**Input data**.
________________
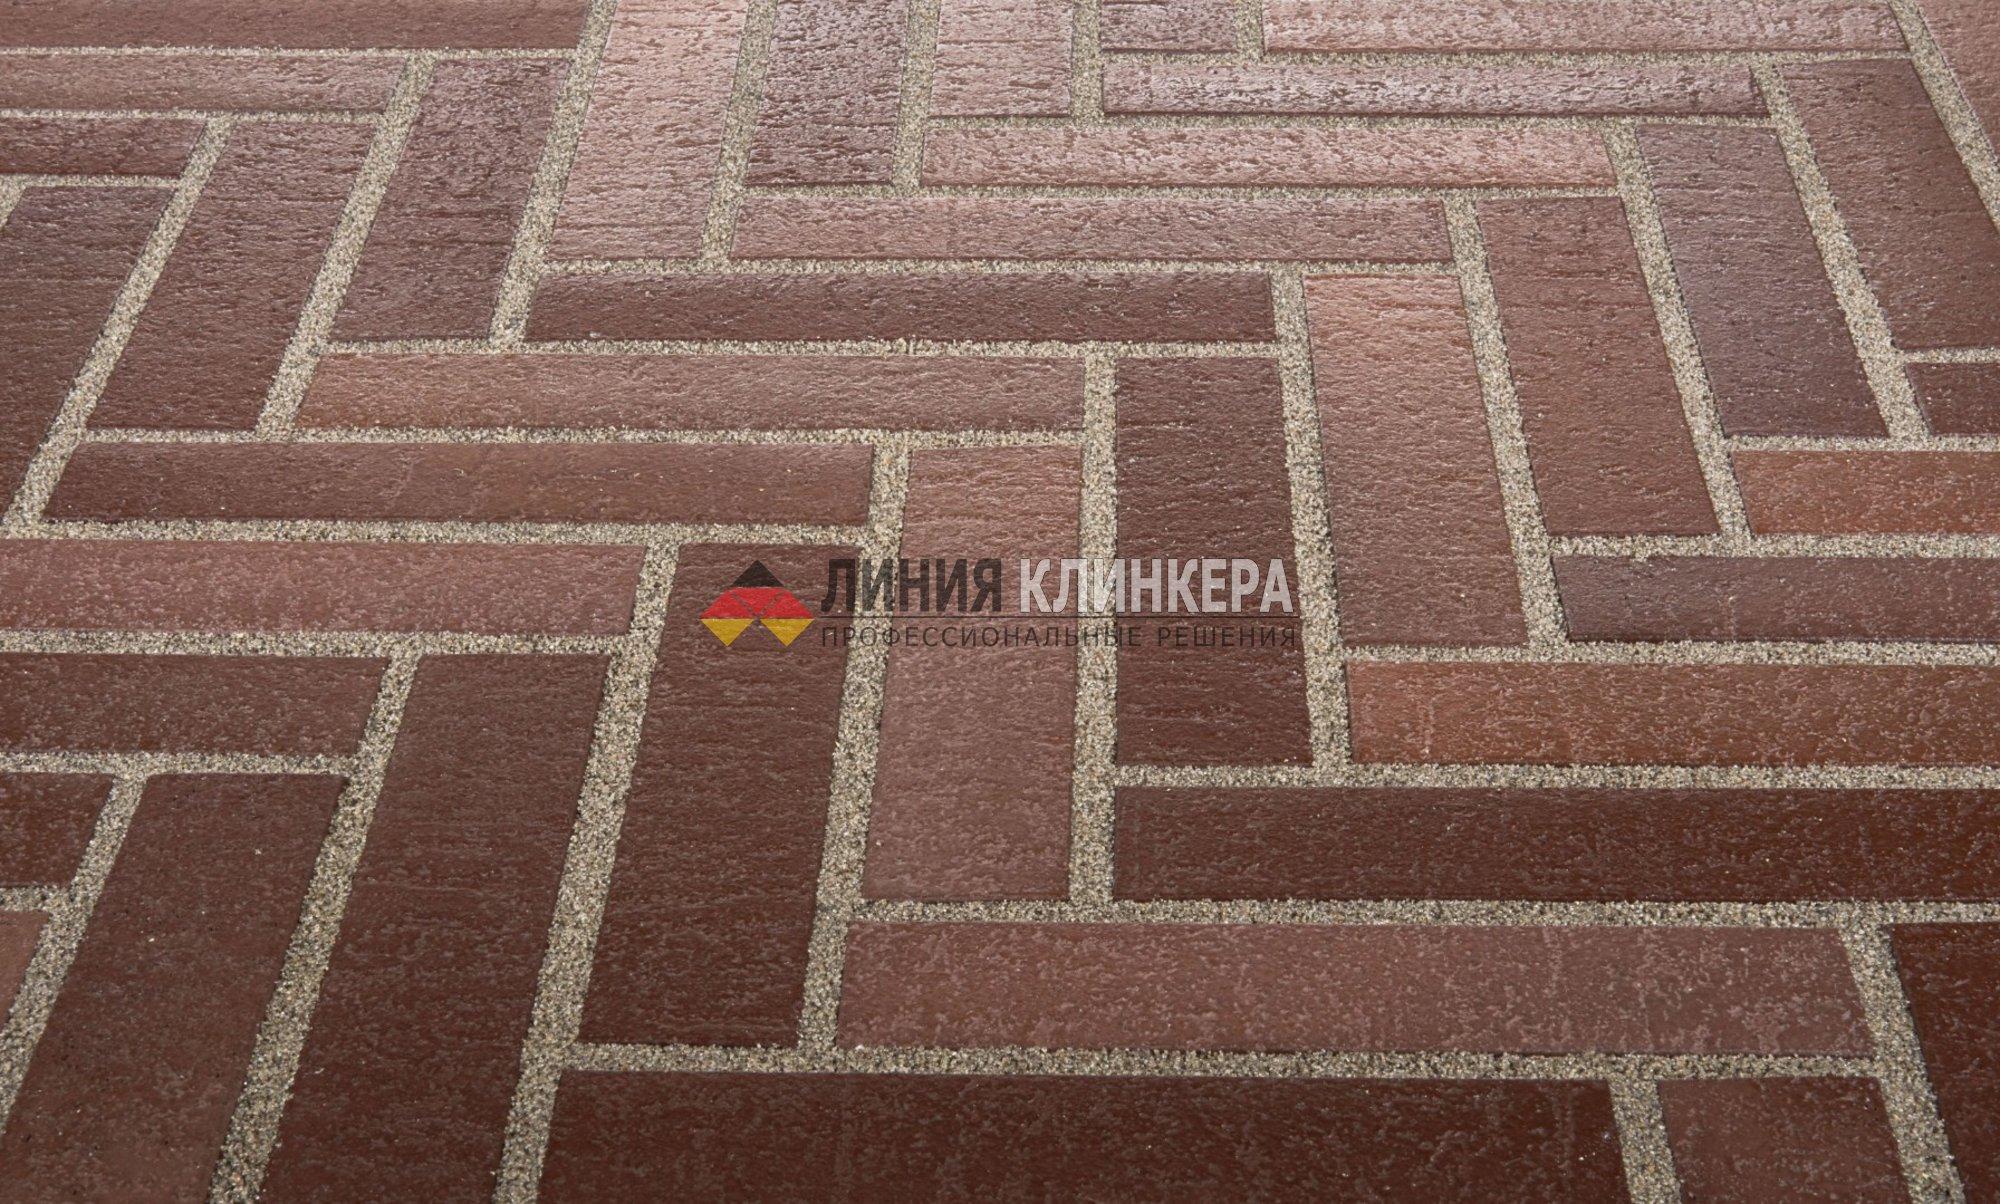 Тротуарная плитка ригель формат stroeher spaltklinker 3117
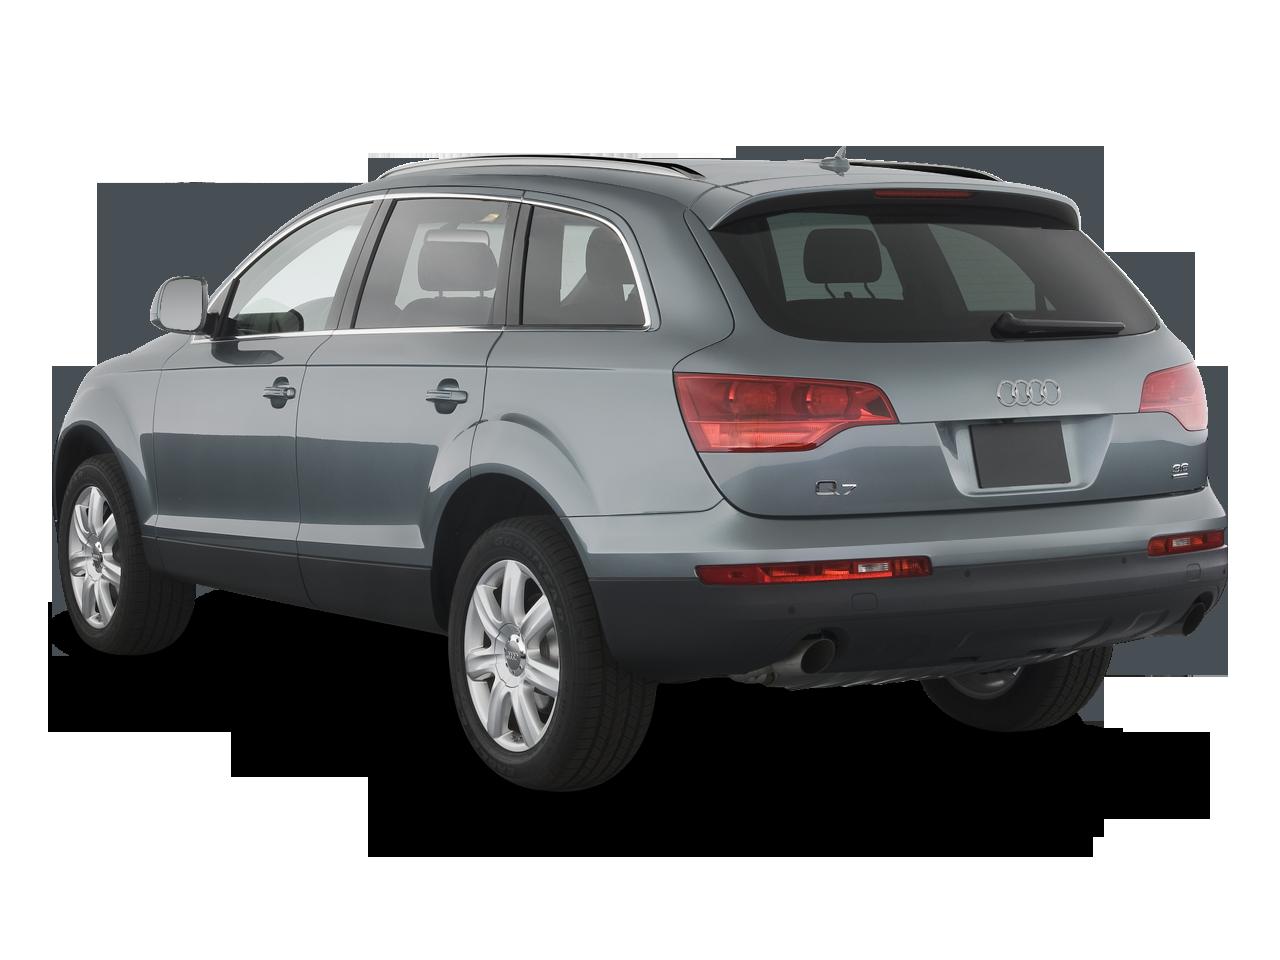 2009 audi q7 3 0 tdi quattro fuel efficient news car features and reviews automobile magazine. Black Bedroom Furniture Sets. Home Design Ideas
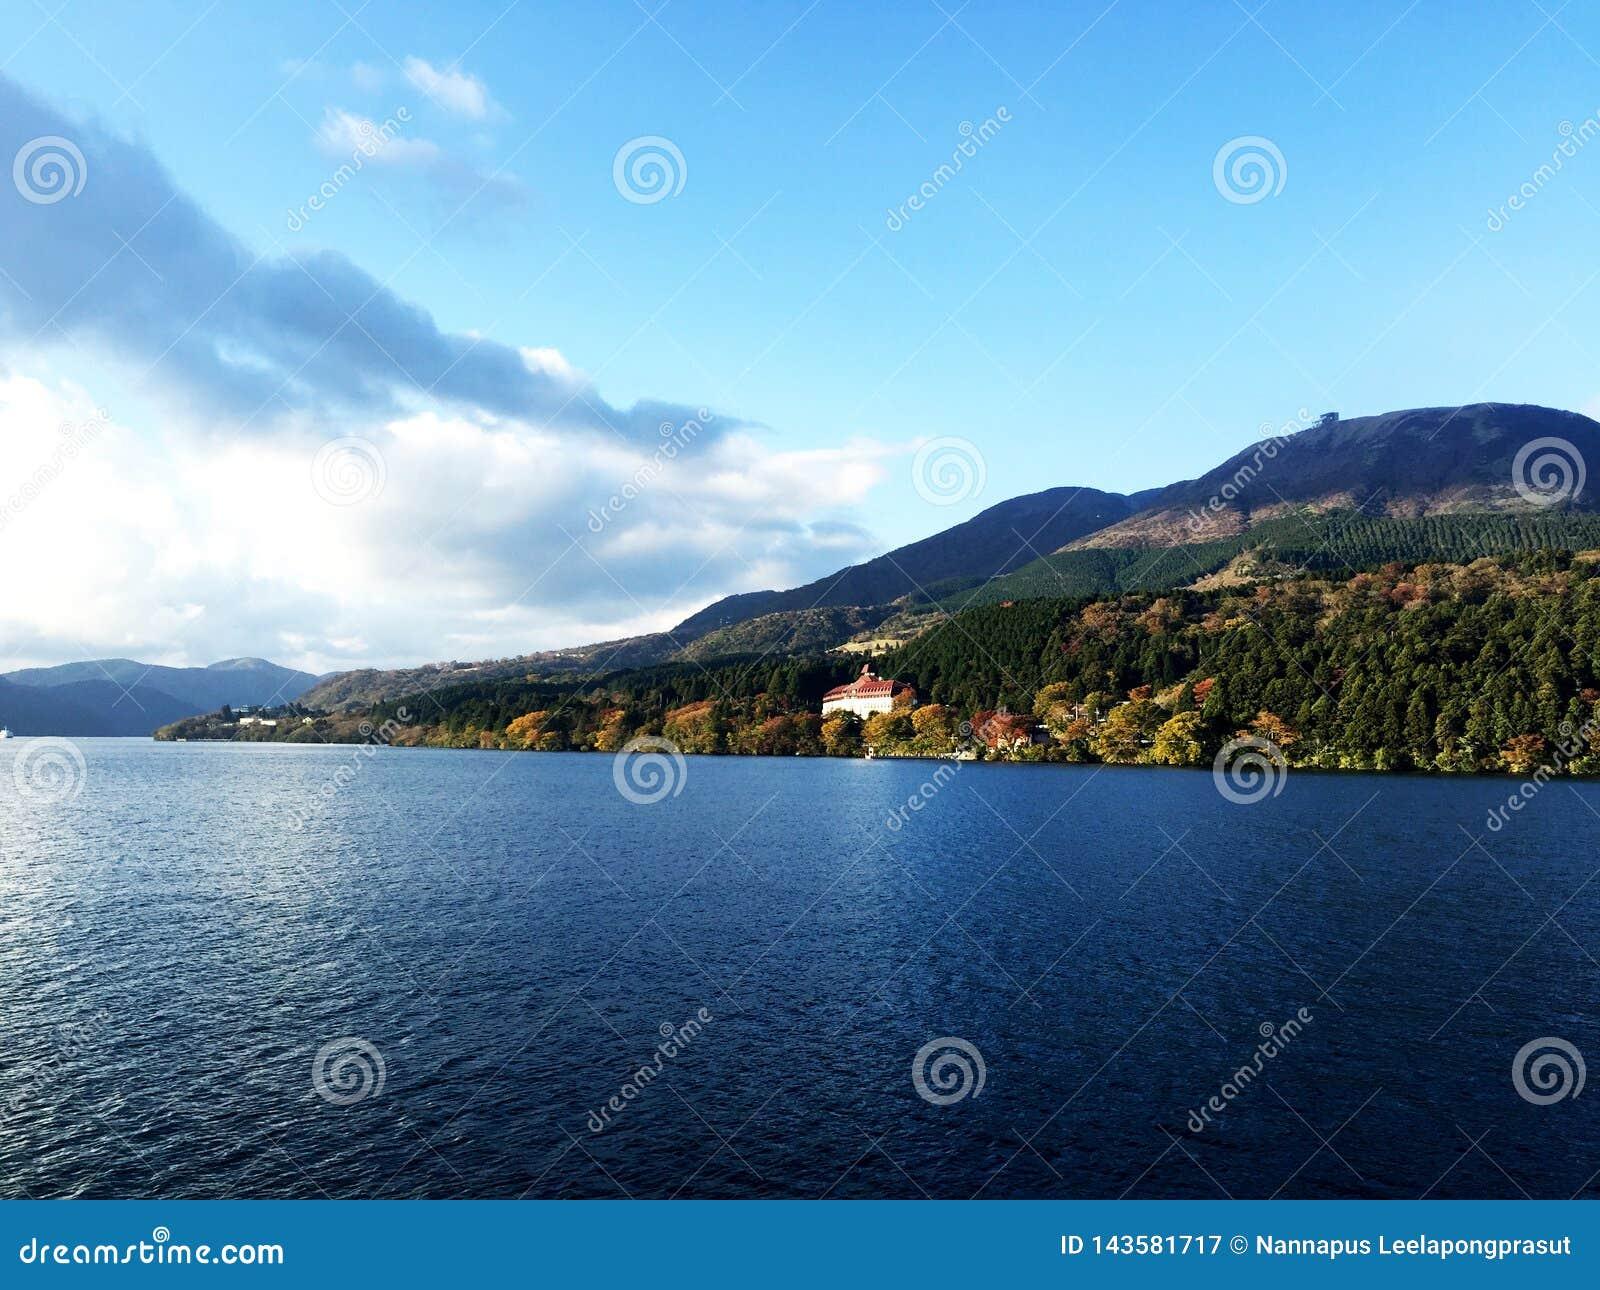 Lake sky mountain cloud sunlight
________________
**Activity**.
Retype the whole listing exactly. Do not include the pictures.

**Finished exercise**.
 Тротуарная плитка ригель формат stroeher spaltklinker 3117
 2009 audi q7 3 0 tdi quattro fuel efficient news car features and reviews automobile magazine. Black Bedroom Furniture Sets. Home Design Ideas
 Lake sky mountain cloud sunlight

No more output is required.